Back in the 70s, my dad brought home 200 conkers from the lakeside town of Pörtschach am Wörthersee in Carinthia, Austria, collected, pocketful by pocketful, en route to breakfast each morning, in the grounds of the hotel where my parents were honeymooning. Every now and then, during my childhood years, he'd chance upon the box they were stored in, giving me the opportunity to run my hands through them and admire their chestnut lustre, their size - five times that of the Scottish ones! - and the sheer number he'd somehow managed to fit into his suitcase.

Today, he claims to have brought them back with a view to selling them to local kids - conker fights being a popular pastime in the days before Snapchat - but I prefer to put it down to true romance. Because nobody smiles over a souvenir brought home from a trip that was rubbish, do they?

The fox illustration on a scrap of cardboard found by the writer

An Athens street, left, and the pen-ink illustration found by the writer in the city.

Collecting must be in my DNA. That's my excuse, anyway, for - among other flotsum and jetsum - the giant, gold-painted fibreglass conch shell picked up in Amsterdam's IJ-Hallen market; kaftans from Tunisia; Dynasty-worthy 80s earrings from Cannes; pen-ink illustration of a fox on a piece of brown cardboard found on the pavement on the corner of Ermou Street, Athens - like a gift from the goddess Artemis; birdcage from Morocco; glass paperweight containing a dandelion clock from the Outer Hebrides; feathers, flowers pressed between the pages of books, driftwood, pebbles, trinkets, treasures and - OK - tat gathered on my travels.

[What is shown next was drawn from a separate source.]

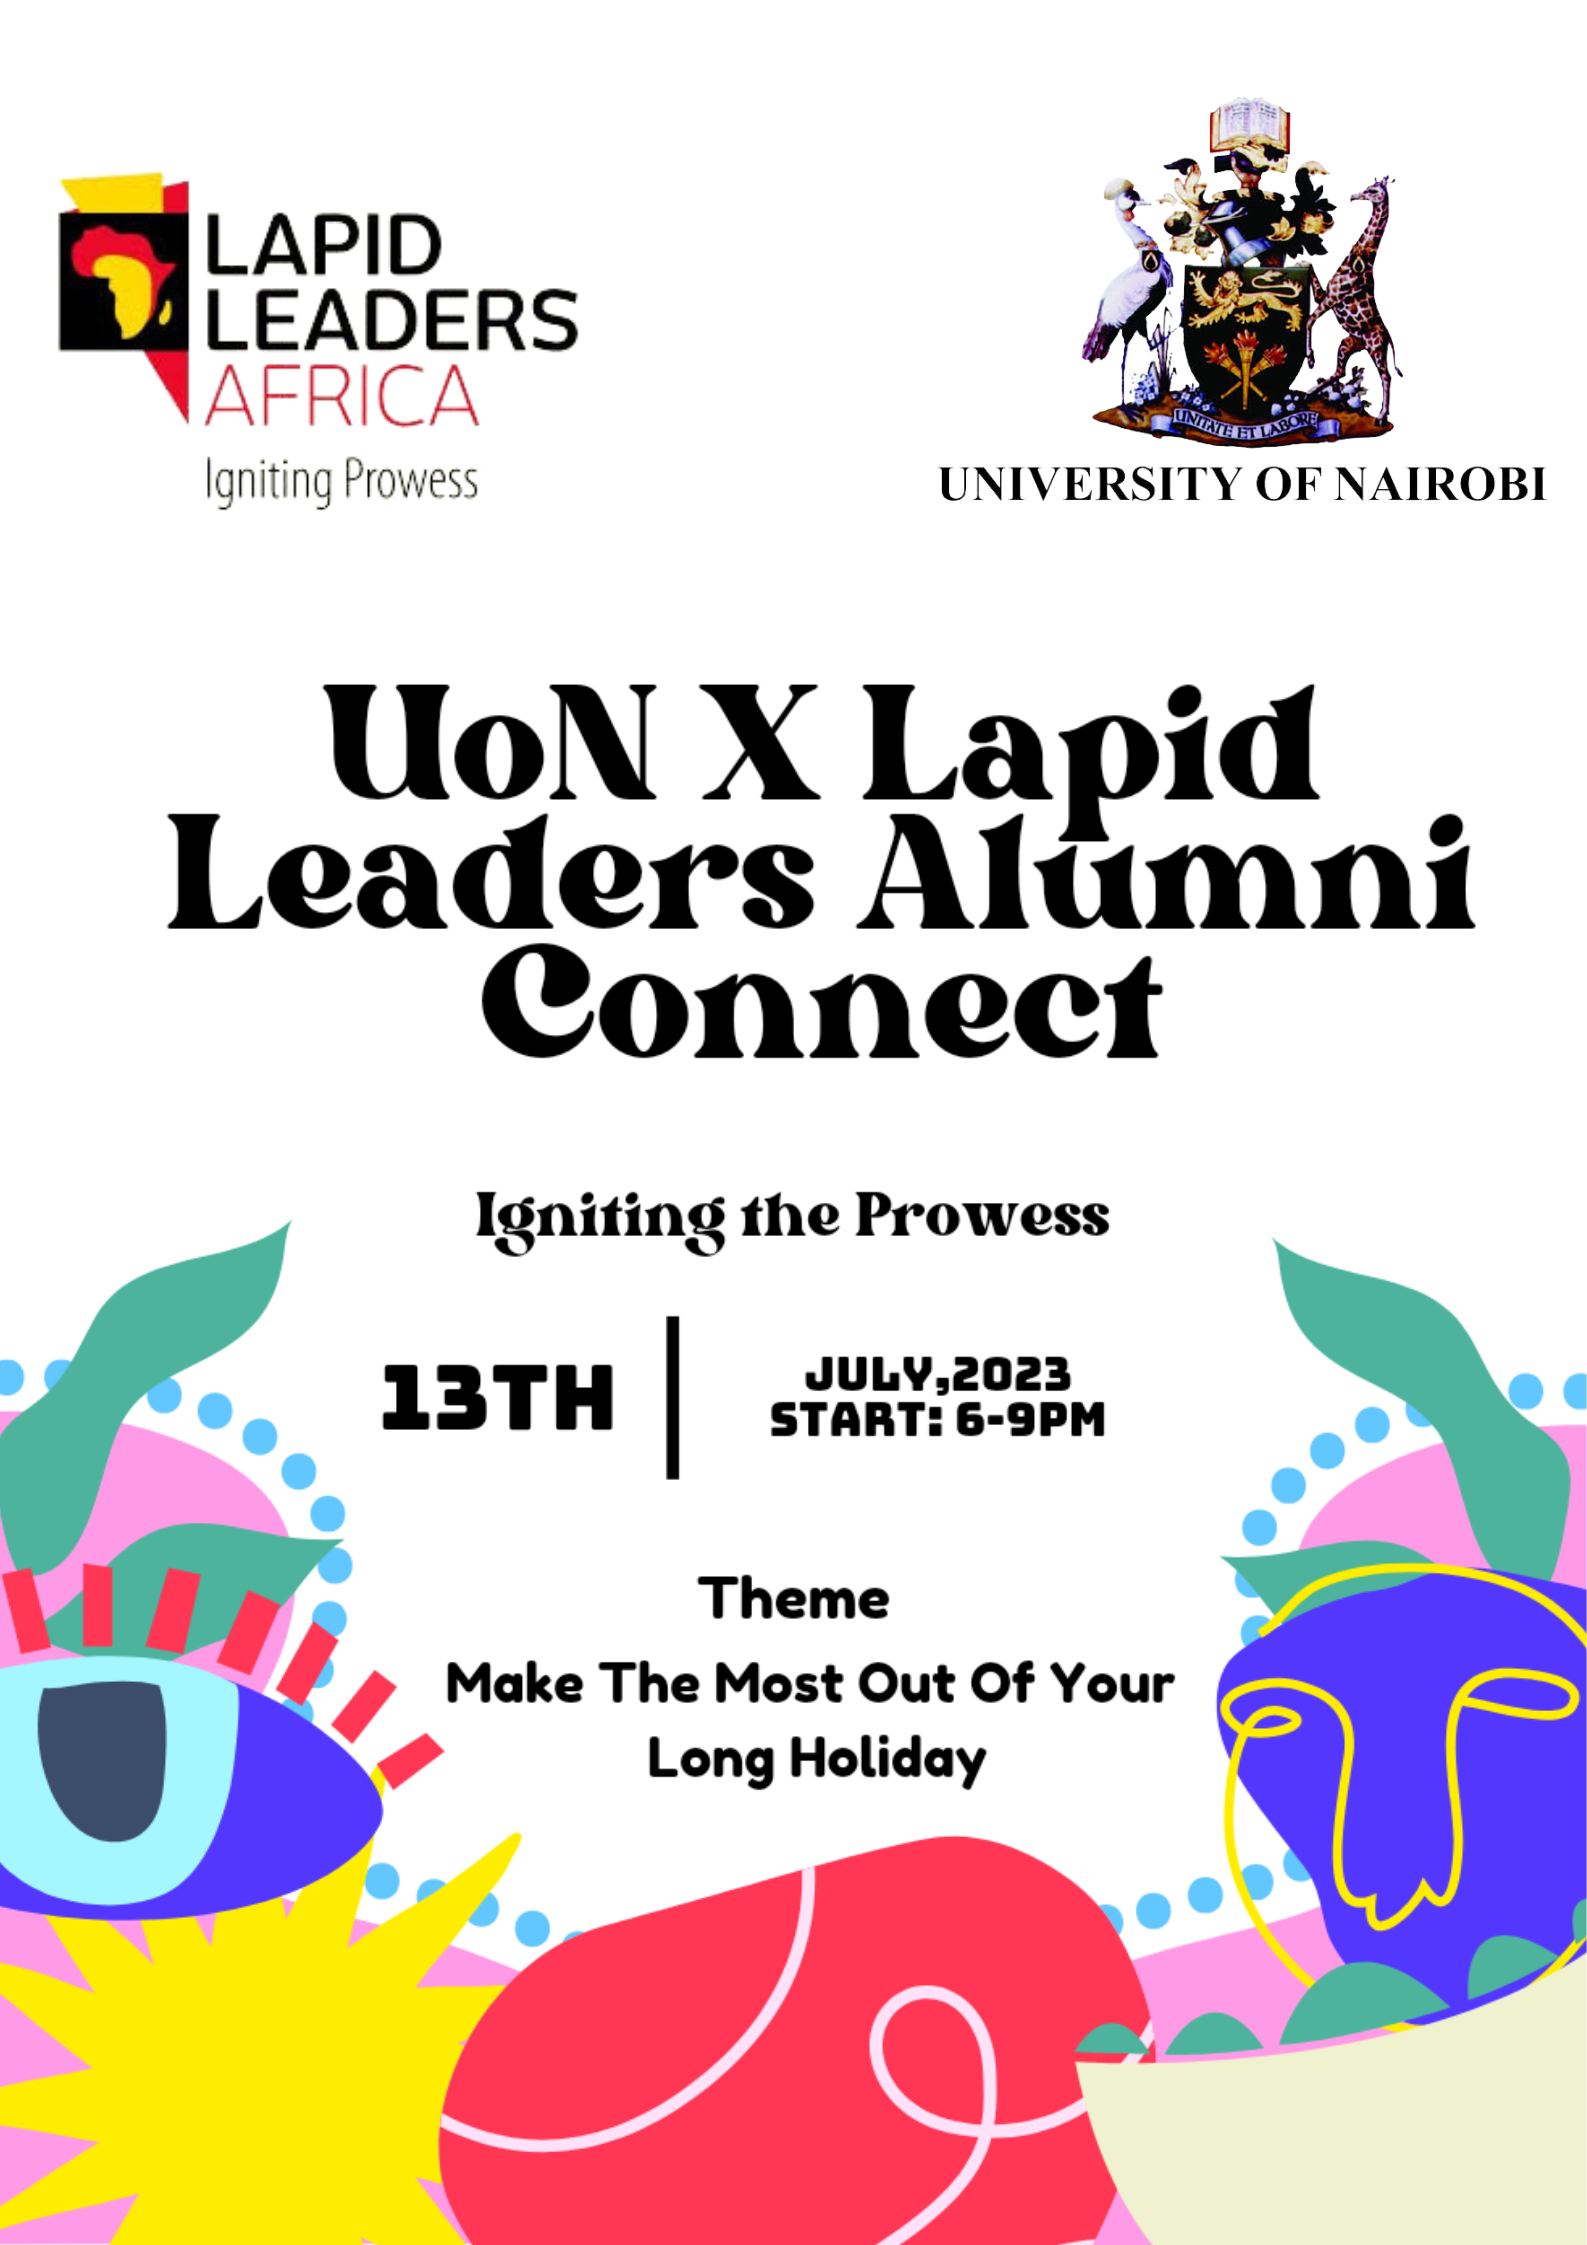 Lapid Leaders Africa X UoN Alumni Connect: Unlock the Full Potential of Your Long Holiday

Not to mention the Shazam-enabled playlists from everywhere I go (the digital equivalent of catching butterflies in a net), or 232,784 - and counting - photos on my iPhone.

Coming from the French word for "memory", and the Latin "subvenire" - "occur to the mind" - souvenirs have been around for as long as people have been travelling. In 2200 BC, following a visit to Sudan, Ancient Egypt's Prince Harkhuf brought back with him leopard skins, ivory and incense to present to the pharaoh.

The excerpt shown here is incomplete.